At some point in the mid-’70s—exact dates are fuzzy—Ferrari (both man and company) had struck a trailblazing commercial watch venture deal with Longines. Alas, Longines’ glory days were long gone by then. So the tie-up was, for the most part, a collaborative, co-branded cash grab. (Enzo always needed funds to finance his racing pursuits; who could blame him? Likewise, the ’70s were tough on the Swiss watch business, so for Longines this was a financial life raft.) 

Overall, the Longines affair, while period-specific from a design standpoint, never rang authentic to Ferrari in any way—which was both a missed opportunity and a lesson learned. Especially given that many additional opportunities were still to come. 

“Just last year, a 1988 limited edition (number 30 of 50) 18k-gold Formula Ferrari by Cartier automatic chronograph sold on the RM Sotheby's 'Champions: Schumacher and F1 Legends' online auction for a record sum. ”

The sophistication of these collaborations (arguably starting with Hublot, though some of the Girard-Perregaux models were horologically awe-inspiring) has grown significantly over the decades—they’re the product of actual integrated design and engineering efforts, as opposed to superficial ones. Still, the early collaborations, especially Formula Ferrari by Cartier, are once again enjoying a renewed moment in the sun. Just last year, a 1988 limited edition (number 30 of 50) 18k-gold Formula Ferrari by Cartier automatic chronograph—owned by style icon Gianni Agnelli, the late chairman of Fiat, who was a Ferrari collector and later the company’s majority shareholder—sold on the RM Sotheby's “Champions: Schumacher and F1 Legends” online auction (where the lots were displayed during Le Concours d'Élégance Germany for a record sum.)  

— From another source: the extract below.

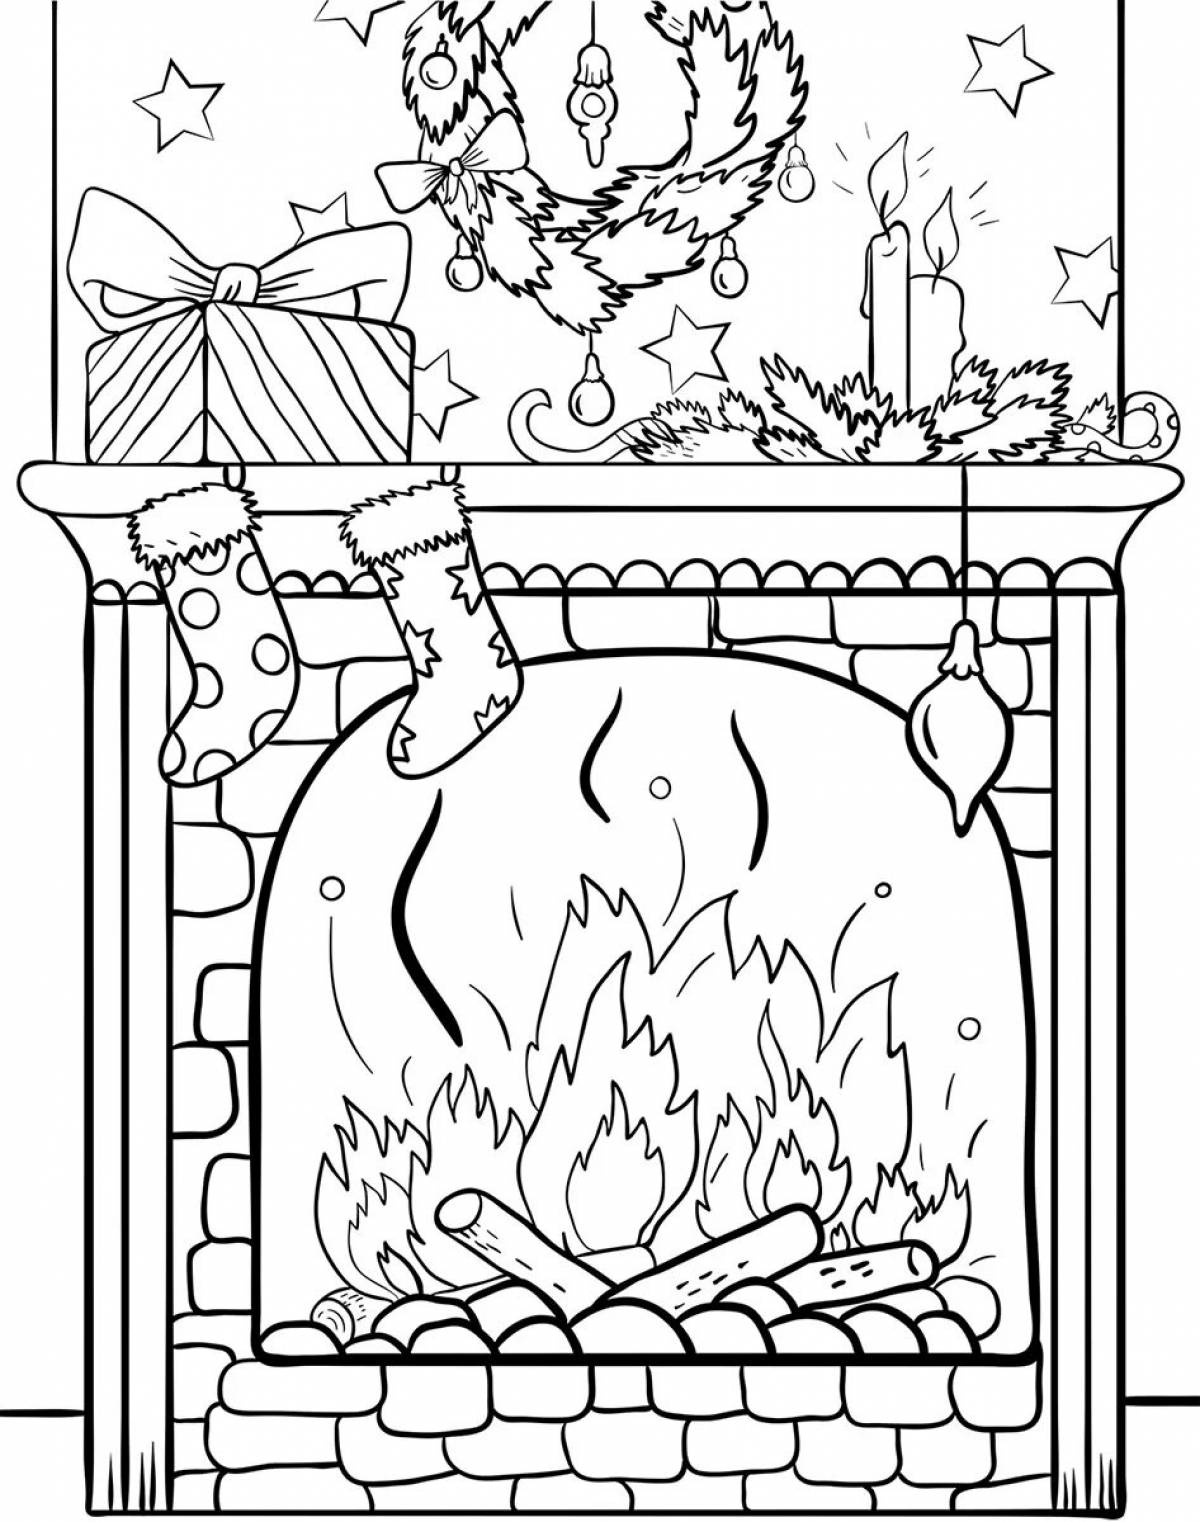 Grand fire friend fire enemy coloring pages for kids

As 1982 wound down, mercifully so did the partnership with Longines, accordingly it was time for Ferrari to speed ahead and find a new cohort—which didn’t take long. In the spring of 1983, “Formula Ferrari,” a joint-venture capsule collection with Cartier, was announced. The arrangement, negotiated by Enzo Ferrari and Alain Dominique Perrin, then-chairman of Cartier (who would go on to become CEO of Cartier’s parent company, Richemont), included quartz and mechanical watches, as well as accessories such as pens, small leather goods and lighters. 

Curiously, while the collection was officially “Formula Ferrari by Cartier,” the Cartier name was conspicuously absent from both the products and the packaging—with the Formula Ferrari name front and center. 

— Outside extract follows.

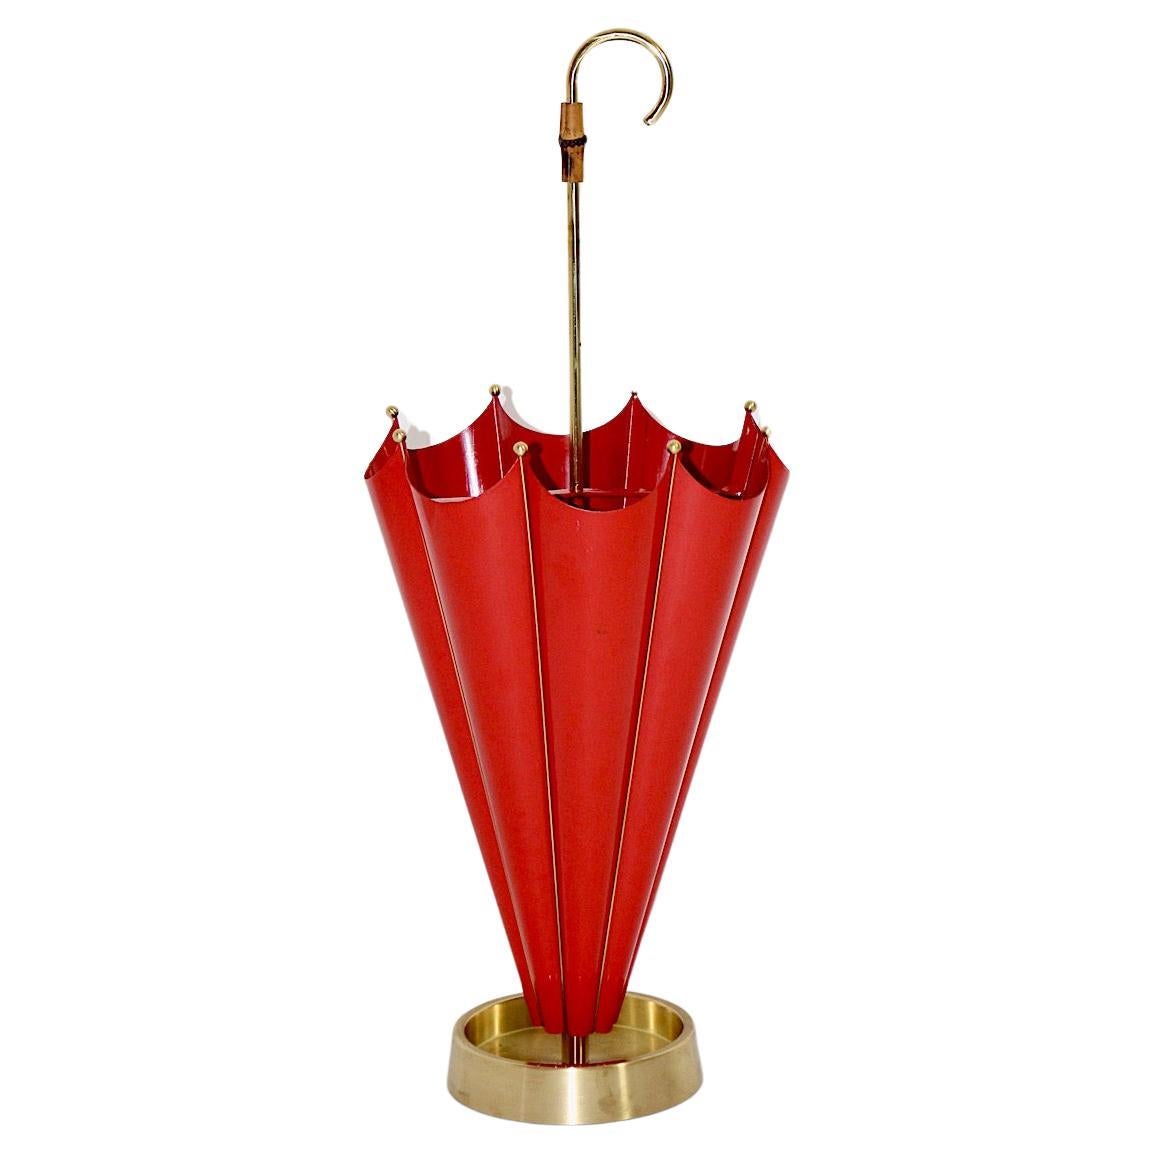 Mid-Century Modern Vintage Red Metal Brass Umbrella Stand Cane Holder 1950 Italy For Sale

From a watchmaking perspective, these were rather lackluster timepieces with Seiko quartz movements and Valjoux mechanical calibres. Aesthetically, though, the myriad watch models, as well as the collection’s pens and lighters, veritably scream the ’80s—from the design of the watch cases to the details on the bracelets. The Formula Ferrari bezels were remarkably evocative of the now-iconic period watches from the Roman high jeweler Bulgari (specifically the BVLGARI BVLGARI model), with the distinctive Ferrari logo engraved around the bezel as a prominent motif. The Formula Ferrari by Cartier collection proved so popular it even rated a mention on the cover of the summer 1990 issue of Ferrari World magazine. 

As the ’80s gave way to the ’90s, it was Girard-Perregaux’s turn. Ferrari (without Enzo in the driver’s seat) shifted gears, but Formula Ferrari by Cartier has an established place in design folklore as a pioneering partnership of luxury titans.